The announcement comes one week ahead of the anniversary of the disappearance of Flight MH370, which vanished last year on a flight from Kuala Lumpur to Beijing with 239 people on board. No trace of the plane has been found.
Airservices Australia, a government-owned agency that manages the country's airspace, will work with its Malaysian and Indonesian counterparts to test the new method, which would enable planes to be tracked every 15 minutes, rather than the previous every 30 to 40 minutes, Australian Transport Minister Warren Truss said.
The tracking rate will increase to five minutes or less if there is a marked deviation in the plane's movements.
"In a world first, all three countries will trial a new method of tracking aircraft through the skies over remote oceanic areas," Truss said.

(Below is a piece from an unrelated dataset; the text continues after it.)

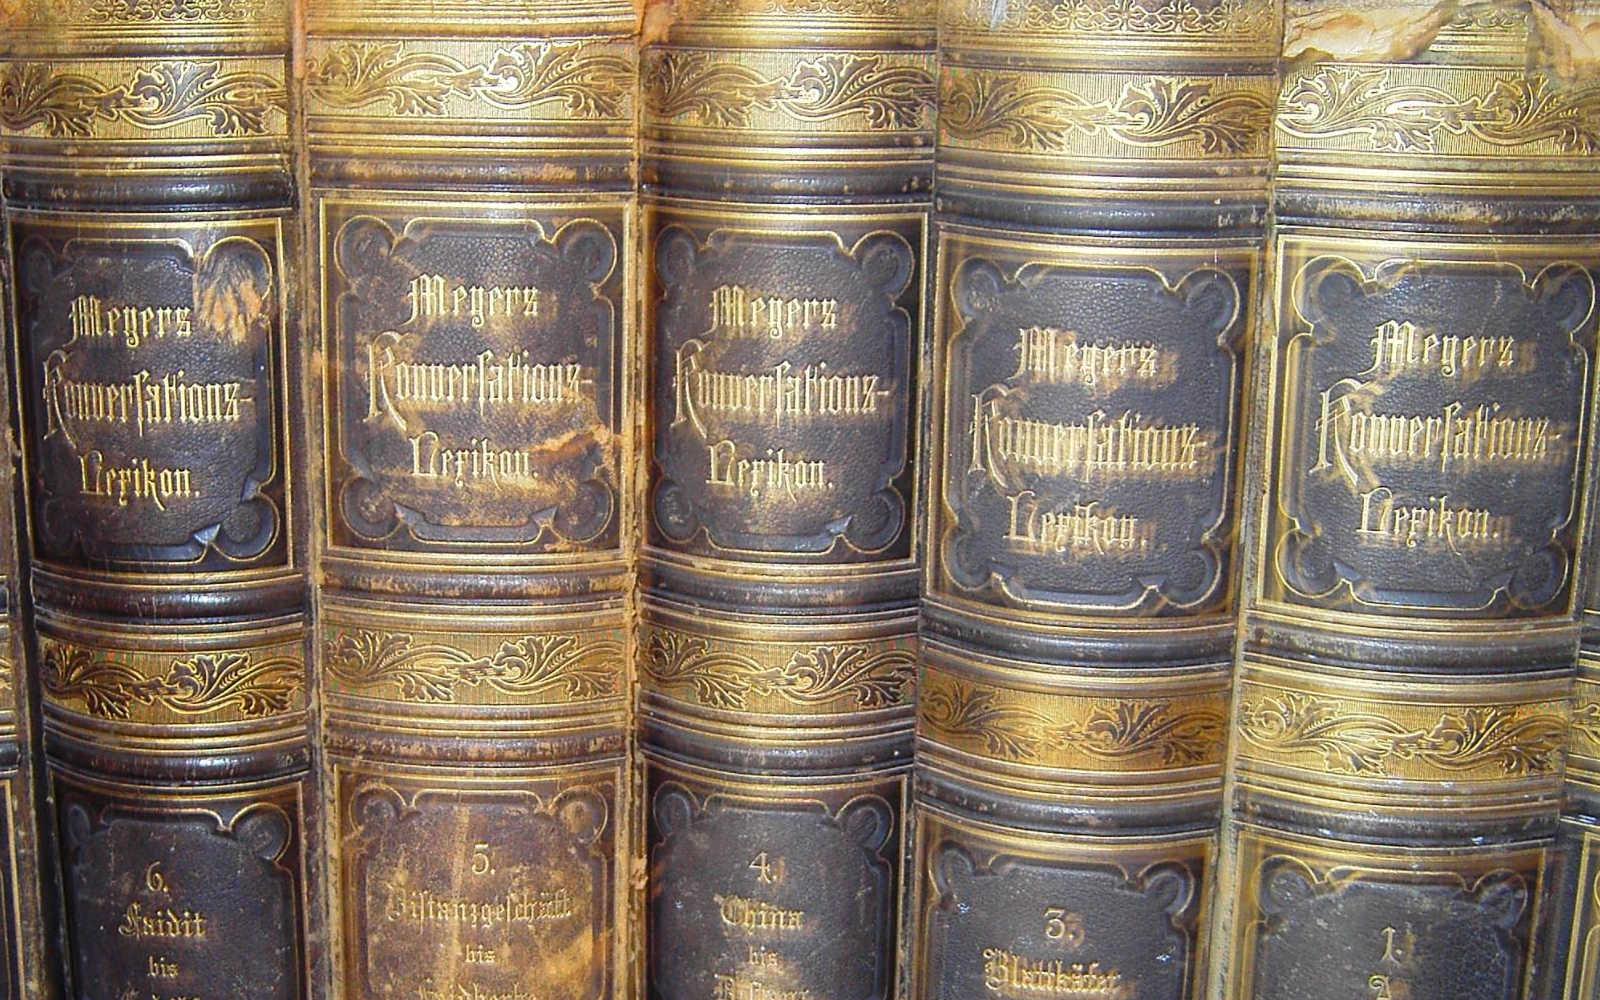 Genealogie-Lexikon

The trial is expected to use satellite-based positioning technology already on board 90 percent of long-haul aircraft that transmits the plane's current position and its next two planned positions, said Airservices Australia chairman Angus Houston, who helped lead the search for Flight MH370.
The trial will boost the frequency of planes automatically reporting their position, allowing air traffic controllers to better track them, Houston said.
"This is not a silver bullet," Houston said in Canberra. "But it is an important step in delivering immediate improvements to the way we currently track aircraft while more comprehensive solutions are developed."
If an aircraft deviates more than 60 meters from its assigned level or two nautical miles from its expected track, the system would automatically monitor the jet more closely, such as every five minutes or almost continuously, he added.
There is no requirement for real-time tracking of commercial aircraft and ever since Flight MH370 disappeared, air safety regulators and airlines have been trying to agree on how extensively planes should be tracked. The Boeing 777 veered sharply off-course and vanished from radar shortly into its flight on March 8.
An international team of experts who analyzed a series of hourly transmissions between the plane and a satellite, later determined that the plane traveled for another seven hours before crashing somewhere within a remote 60,000-square-kilometer patch of the Indian Ocean.
Despite an extensive, ongoing search of that area, nothing has yet been found.
Houston warned that the new method being trialed would not necessarily have allowed air traffic controllers to monitor Flight MH370 - whose transponder and other tracking equipment shut down during the flight - to the point where it crashed.
"I think we've got to be very, very careful because you can turn this system off," he said. "What would have happened while the system is operating, we'd know exactly where the aircraft was. If somebody had turned the system off, we're in the same set of circumstances as we've experienced on the latter part of the flight of MH370."